Why You’ll Love This Recipe

  • Nutrient-rich: Packed with fiber, protein, and antioxidants
  • Plant-based and vegan: No animal products, but full of flavor
  • Perfectly balanced: Sweet, savory, and tangy elements in harmony
  • Great for meal prep: Stores well for healthy lunches
  • Customizable: Adapt with your favorite toppings or greens
  • Mediterranean flair: Classic flavors from olive oil, cumin, and fresh herbs
  • Hearty and filling: Lentils provide satisfying protein and texture
  • Colorful presentation: Visually appealing and appetizing
  • No fancy tools needed: Just basic kitchen gear
  • Naturally gluten-free: Suitable for various dietary needs

Ingredients

  • 1 cup dry French lentils
  • 3 large carrots, sliced into thick coins
  • 1 large shallot, thinly sliced
  • 2 tablespoons olive oil
  • 1 teaspoon smoked paprika
  • 1 teaspoon ground cumin
  • 1/4 teaspoon ground cinnamon
  • 1 teaspoon maple syrup
  • Salt and pepper to taste
  • 2 tablespoons red wine vinegar
  • 1 teaspoon Dijon mustard
  • 3 Medjool dates, pitted and finely chopped
  • 1/4 cup Castelvetrano olives, pitted and chopped
  • 1/4 cup chopped fresh parsley
  • 2 tablespoons chopped fresh mint
  • 1/4 cup chopped roasted almonds (optional)
  • Hummus, for serving

Directions

  1. Preheat oven to 400°F (200°C). Line a baking sheet with parchment paper.
  2. Toss carrots and shallot with 1 tablespoon olive oil, smoked paprika, cumin, cinnamon, maple syrup, salt, and pepper. Spread on the baking sheet.
  3. Roast for 25–30 minutes, turning once, until tender and caramelized.
  4. While roasting, rinse lentils and place in a saucepan with 3 cups of water and a pinch of salt. Bring to a boil, reduce heat, and simmer for 20–25 minutes. Drain and set aside.
  5. In a large bowl, whisk the remaining 1 tablespoon olive oil with red wine vinegar, Dijon mustard, salt, and pepper.
  6. Add warm lentils to the dressing and toss well. Fold in dates, olives, parsley, mint, and almonds (if using).
  7. To serve, spread hummus on plates and top with the lentil salad and roasted carrots.
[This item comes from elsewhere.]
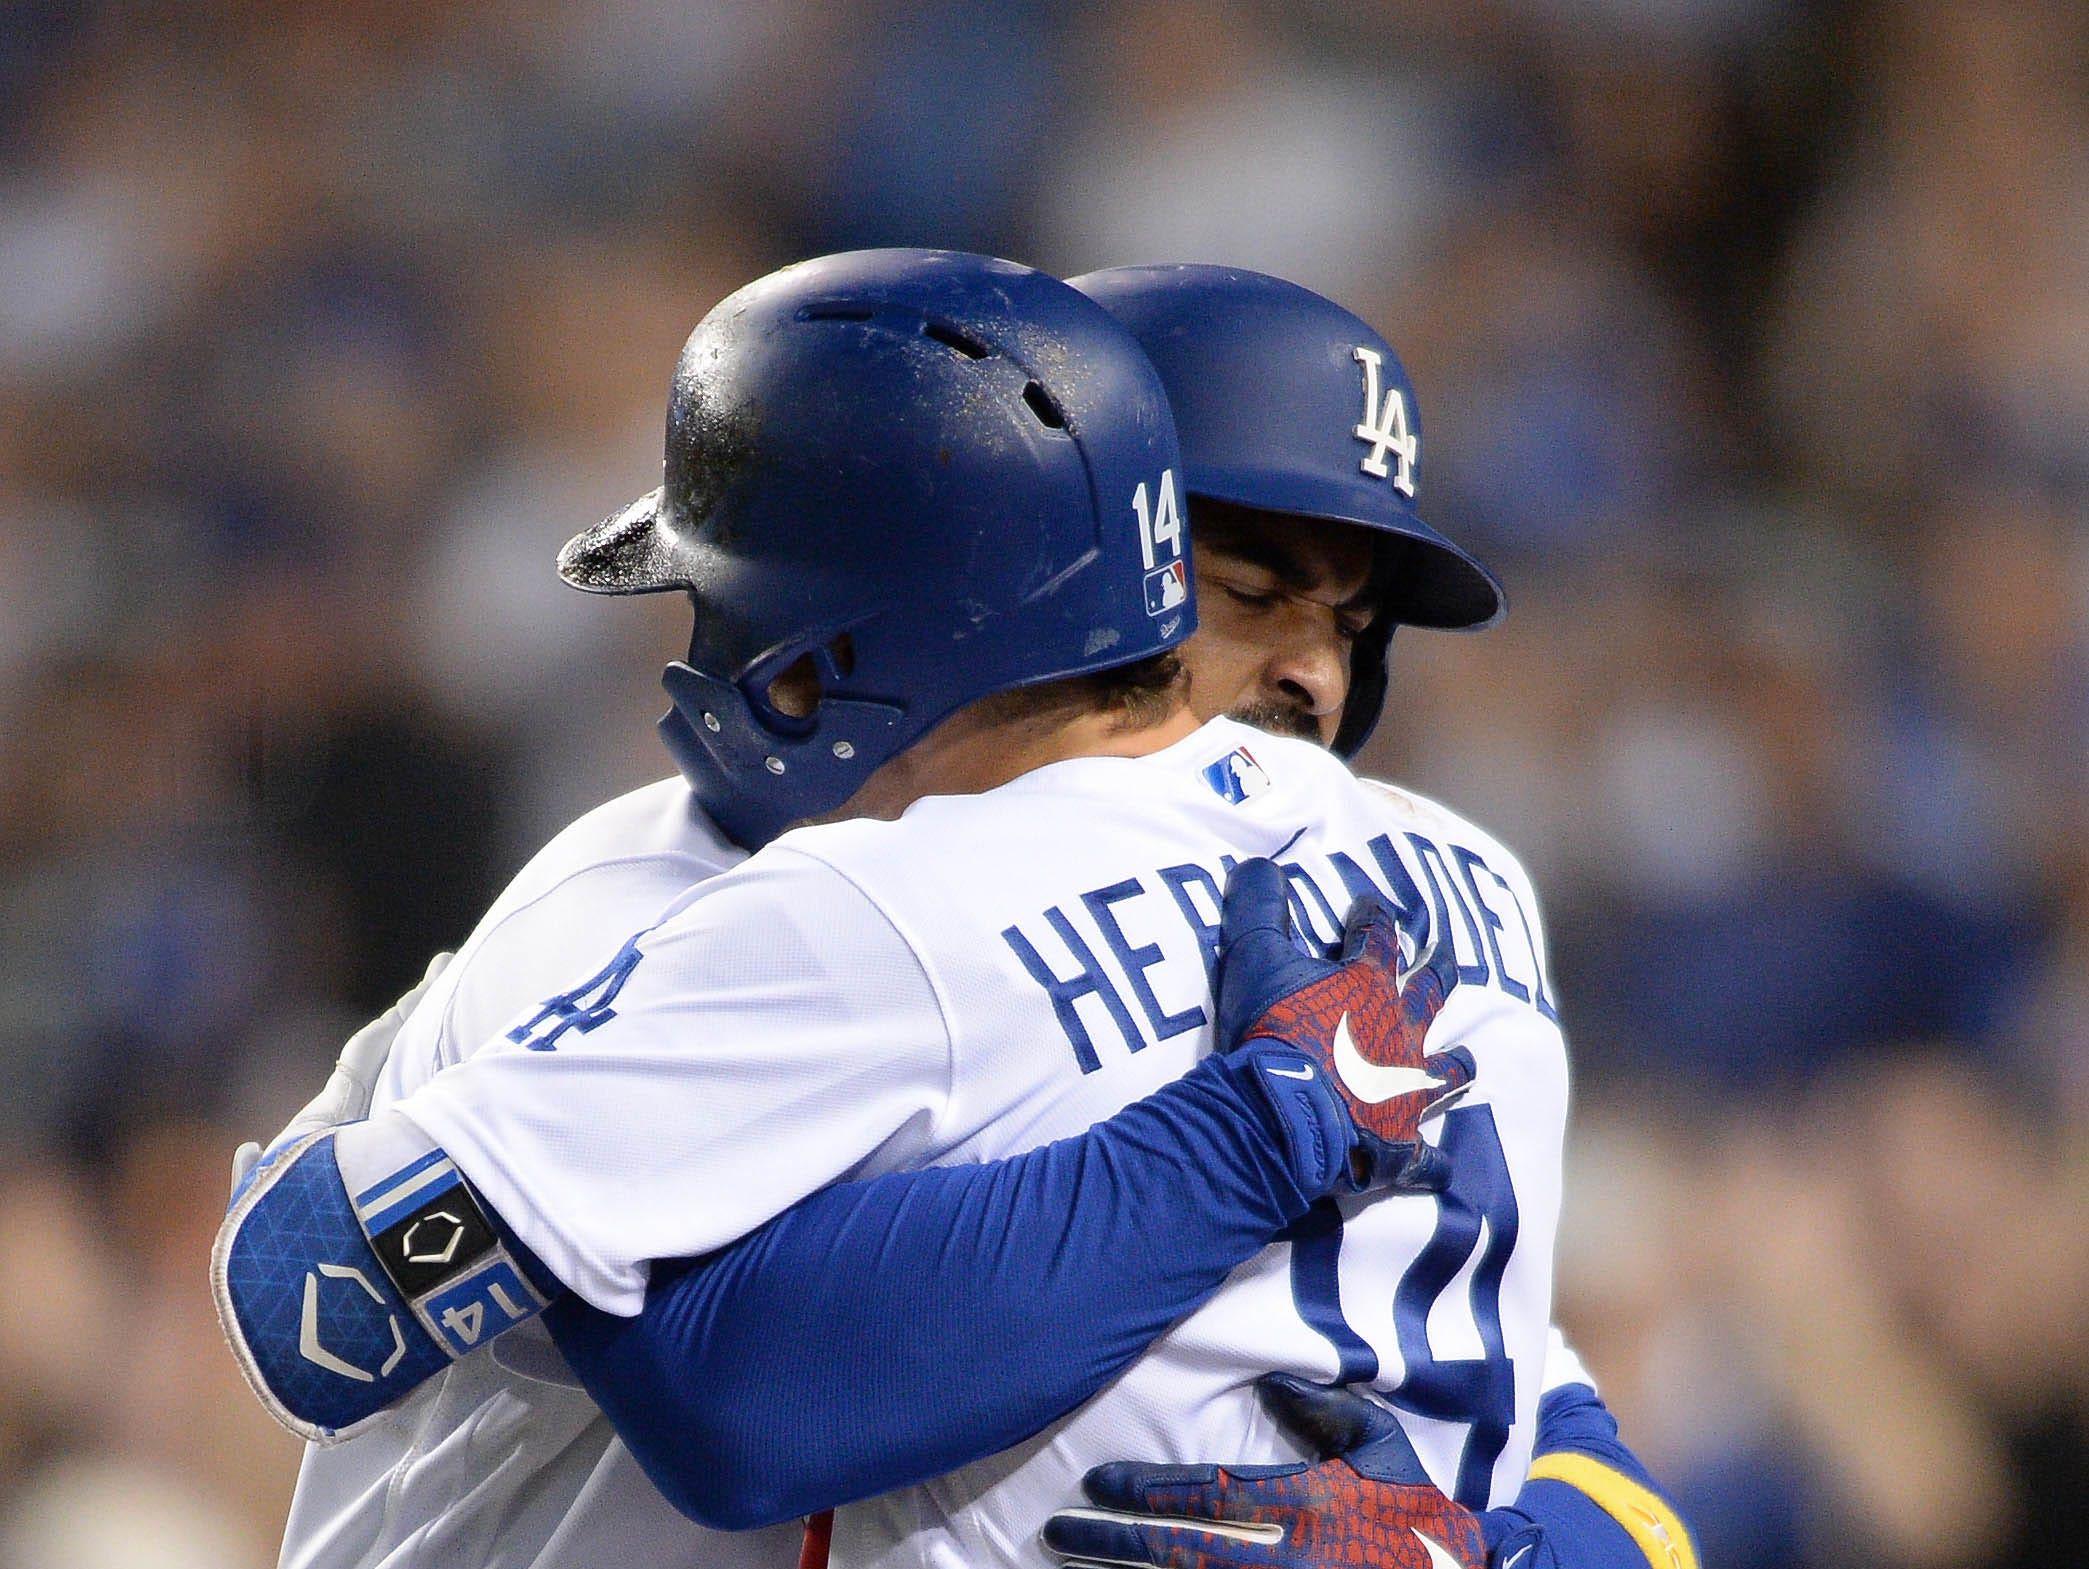 Sep 1, 2018; Los Angeles, CA, USA; Los Angeles Dodgers left fielder Matt Kemp (left) is greeted by center fielder Enrique Hernandez (14) after Kemp hit a three-run home run during the eighth inning against the Arizona Diamondbacks at Dodger Stadium. Mandatory Credit: Orlando Ramirez-USA TODAY Sports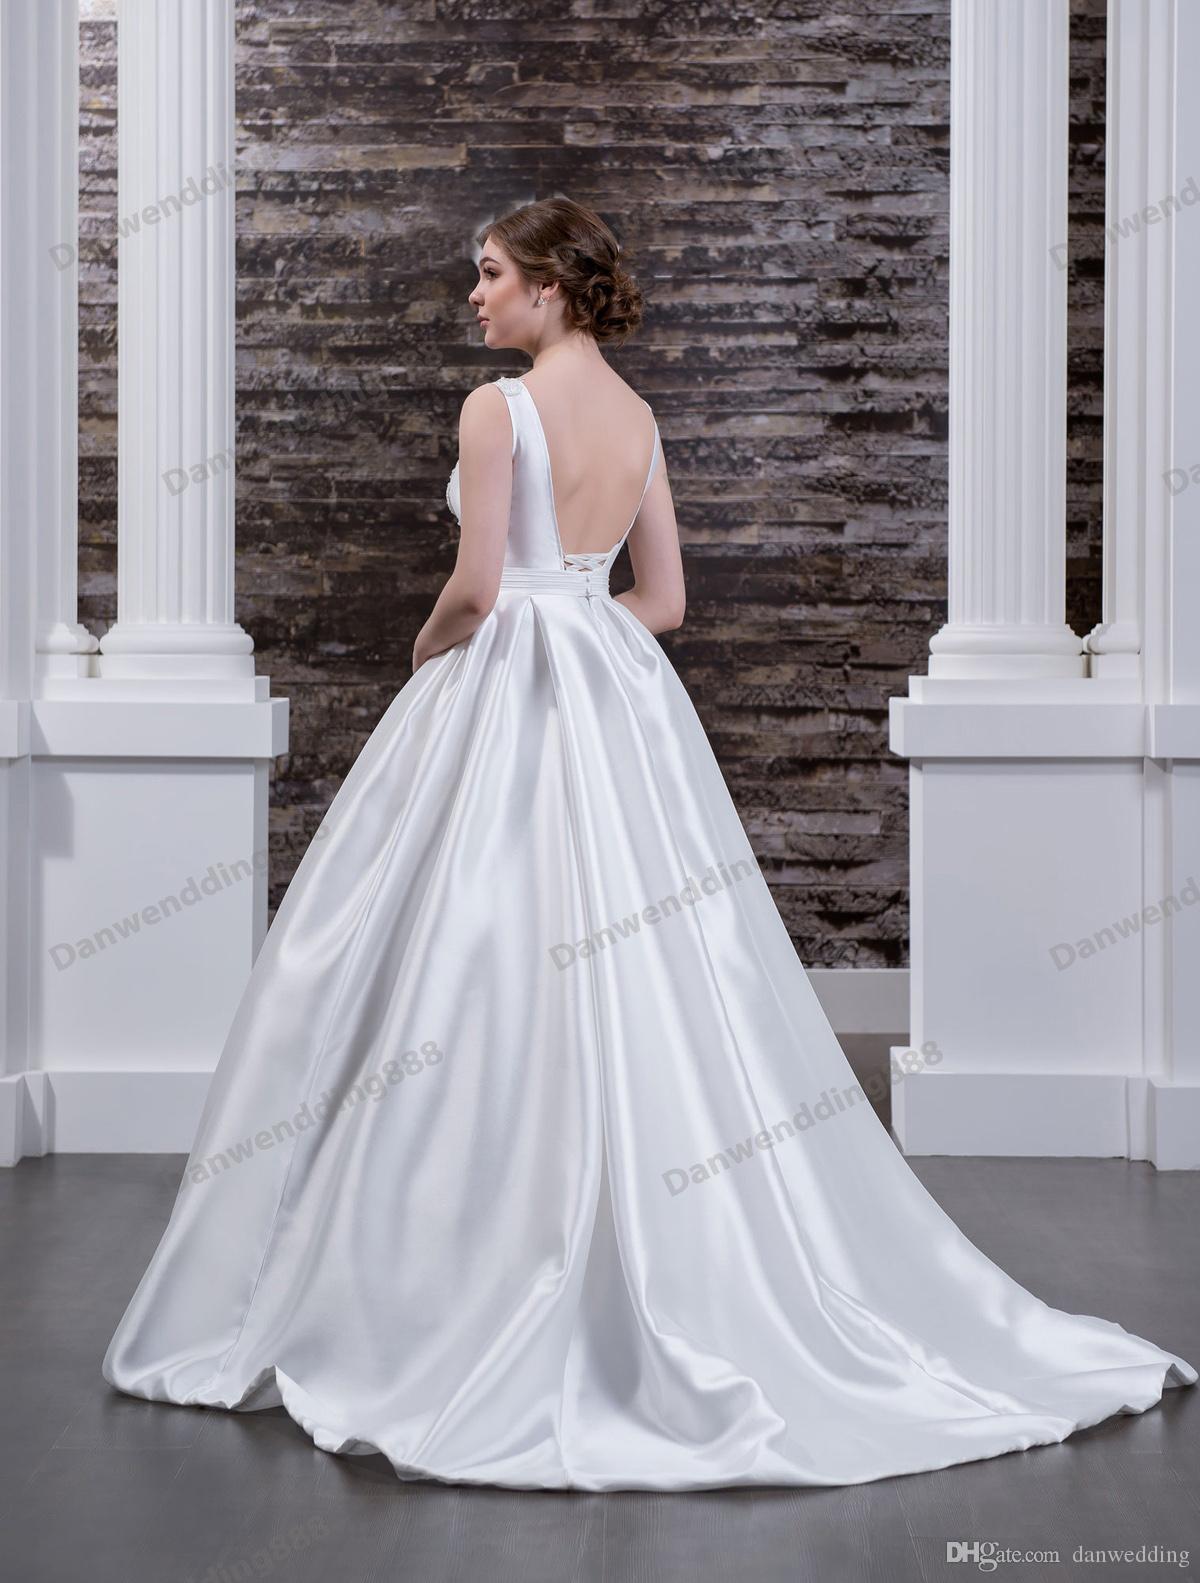 Charming White Satin Backless Applique Beads A-Line Wedding Dresses Bridal Pageant Dresses Wedding Attire Dresses Custom Size 2-16 ZW608065

Garnish with herbs if desired.

Servings And Timing

  • Servings: 4
  • Prep Time: 15 minutes
  • Cook Time: 30 minutes
  • Total Time: 45 minutes
  • Calories Per Serving: Approximately 350 kcal

Variations

  • Add greens: Serve over arugula or spinach for extra freshness
  • Try different legumes: Swap lentils for chickpeas or black beans
  • Add a crunch: Use toasted sunflower seeds instead of almonds
  • Roast other veggies: Include parsnips, beets, or sweet potatoes
  • Make it spicy: Add a pinch of chili flakes to the roasted carrots
  • Citrus twist: Add a splash of lemon or orange juice to the dressing
  • Hummus upgrade: Use flavored hummus like roasted red pepper or garlic
  • Dairy touch: Crumble feta on top for a creamy, tangy element
  • No dates? Use raisins or chopped dried apricots
  • Make it a wrap: Roll it all up in a flatbread for a portable meal

Storage/Reheating

Storage:
Store the lentil salad and roasted carrots in an airtight container in the refrigerator for up to 4 days. Keep hummus separate until ready to serve.

Reheating:
Serve cold or at room temperature. If you prefer it warm, gently reheat the lentils and carrots in a skillet over medium heat, but do not heat the hummus.

FAQs

Can I Use Brown Or Green Lentils Instead?

Yes, but French lentils hold their shape better. Adjust cooking time as needed.

Is This Recipe Suitable For Meal Prep?

Absolutely. Prepare ahead and portion out for easy weekday lunches.

What If I Don’t Have Hummus?

You can use Greek yogurt, tahini sauce, or mashed avocado as a base.

Can I Use Baby Carrots Instead Of Slicing Whole Ones?

Yes, just ensure they’re evenly sized for consistent roasting.

Is This Salad Freezer-Friendly?

Not recommended. The texture of lentils and roasted carrots doesn’t freeze well.

Can I Make This Oil-Free?

Yes, roast the carrots with vegetable broth or a light spray, and omit the olive oil in the dressing.

How Can I Make This More Filling?

Add a scoop of quinoa or serve with warm pita bread on the side.

Can I Add Protein To This Dish?

Sure—top with grilled chicken, tofu, or a soft-boiled egg for extra protein.

How Do I Keep The Herbs Fresh?

Add parsley and mint just before serving to maintain color and flavor.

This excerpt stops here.